What needs to be done:
Under this line are the records; repeat exactly the lines starting at the one containing "Gambar logo Star" and ending at the one containing "Thaïlande: Montée de", omitting pictures.
╭─ Dataset excerpts
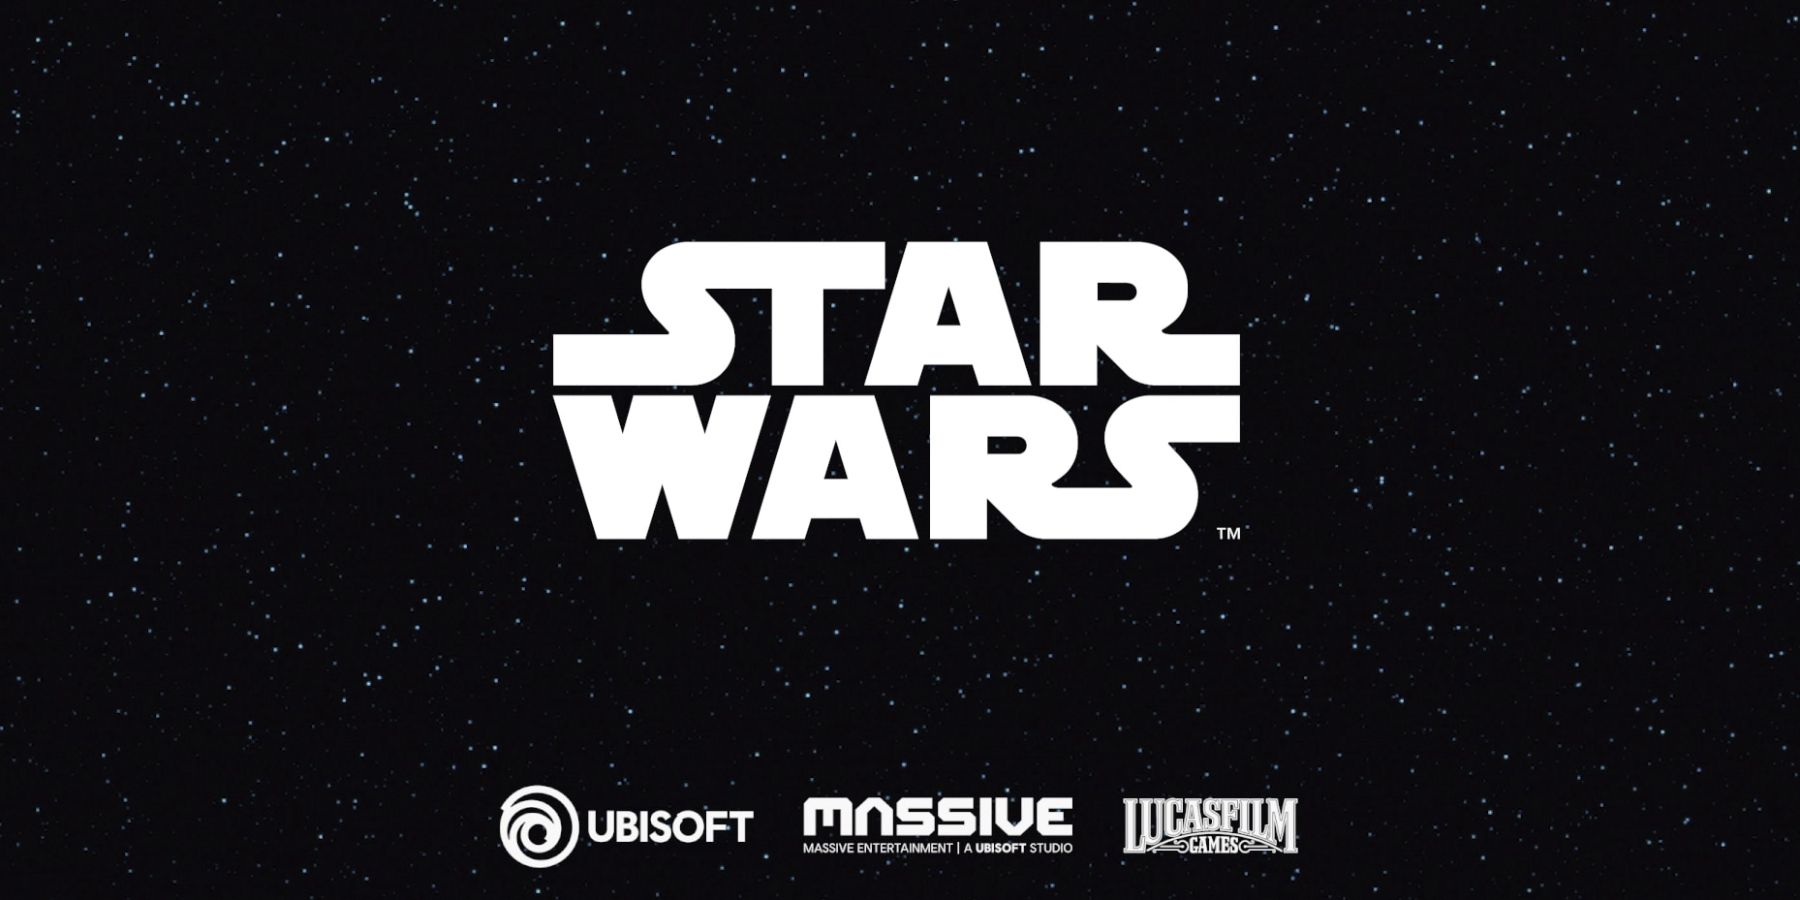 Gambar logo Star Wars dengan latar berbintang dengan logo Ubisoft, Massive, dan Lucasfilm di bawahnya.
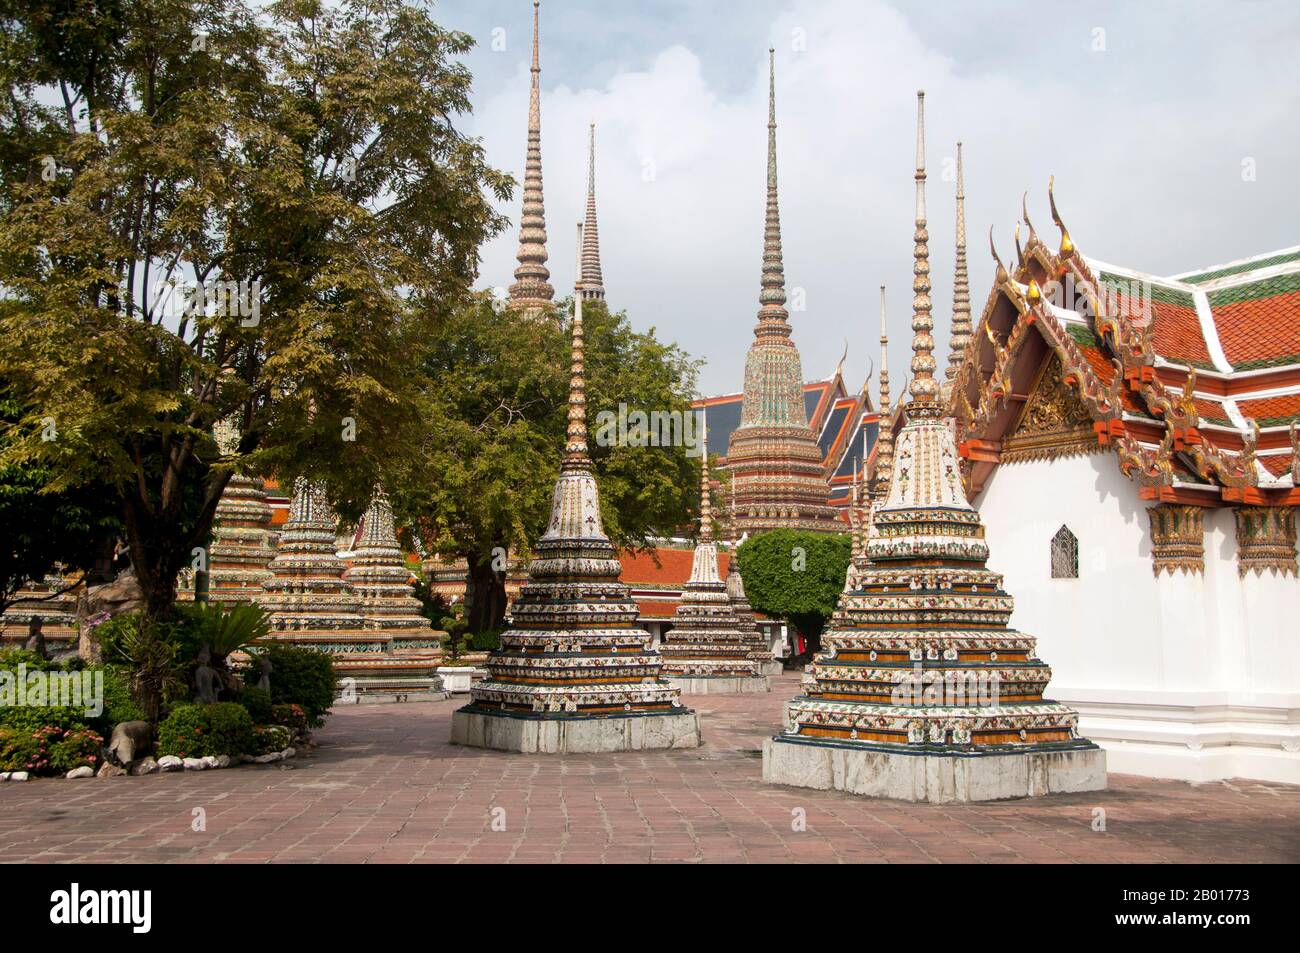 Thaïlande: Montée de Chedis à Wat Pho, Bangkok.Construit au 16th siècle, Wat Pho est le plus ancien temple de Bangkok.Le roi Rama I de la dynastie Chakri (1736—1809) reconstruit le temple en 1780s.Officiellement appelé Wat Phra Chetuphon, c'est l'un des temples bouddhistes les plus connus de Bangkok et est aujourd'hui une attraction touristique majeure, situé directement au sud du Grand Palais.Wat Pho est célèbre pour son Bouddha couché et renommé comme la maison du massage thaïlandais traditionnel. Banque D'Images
╰─
╭─ Dataset excerpts
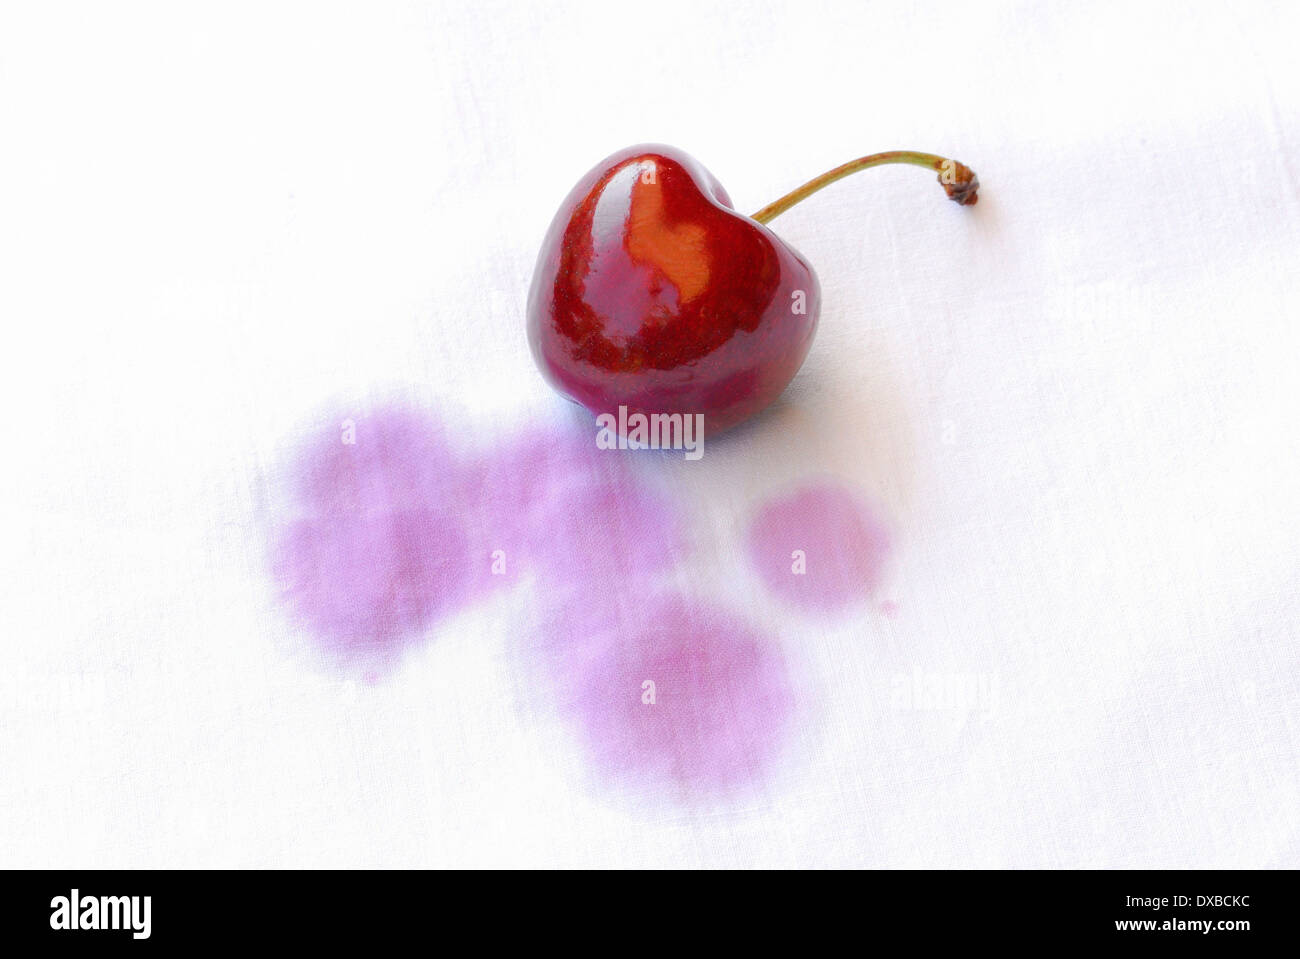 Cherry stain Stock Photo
╰─
╭─ Dataset excerpts
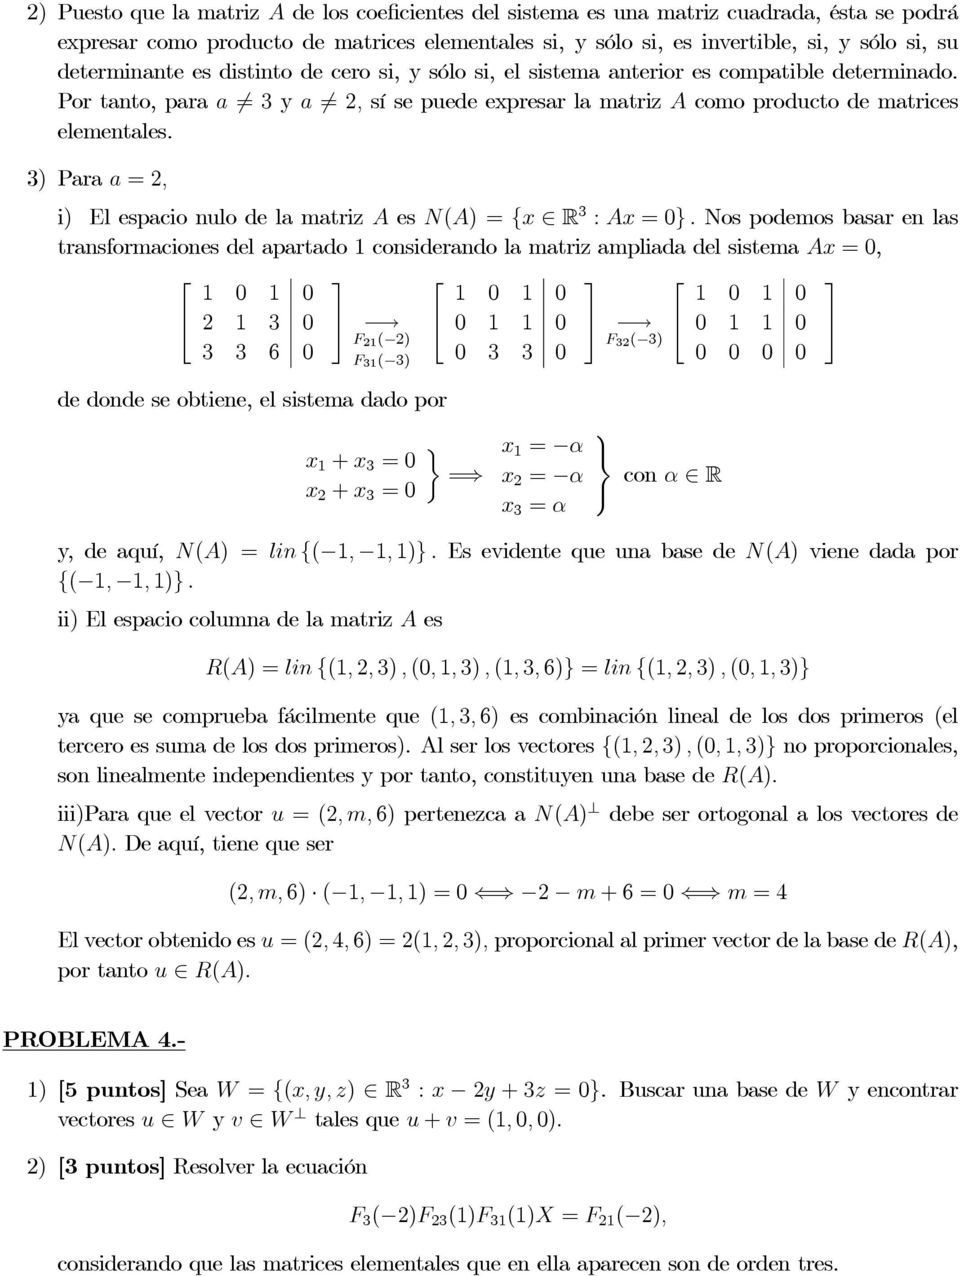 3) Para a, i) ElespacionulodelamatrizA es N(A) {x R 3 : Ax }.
╰─
Answer box:
 Gambar logo Star Wars dengan latar berbintang dengan logo Ubisoft, Massive, dan Lucasfilm di bawahnya.
 Thaïlande: Montée de Chedis à Wat Pho, Bangkok.Construit au 16th siècle, Wat Pho est le plus ancien temple de Bangkok.Le roi Rama I de la dynastie Chakri (1736—1809) reconstruit le temple en 1780s.Officiellement appelé Wat Phra Chetuphon, c'est l'un des temples bouddhistes les plus connus de Bangkok et est aujourd'hui une attraction touristique majeure, situé directement au sud du Grand Palais.Wat Pho est célèbre pour son Bouddha couché et renommé comme la maison du massage thaïlandais traditionnel. Banque D'Images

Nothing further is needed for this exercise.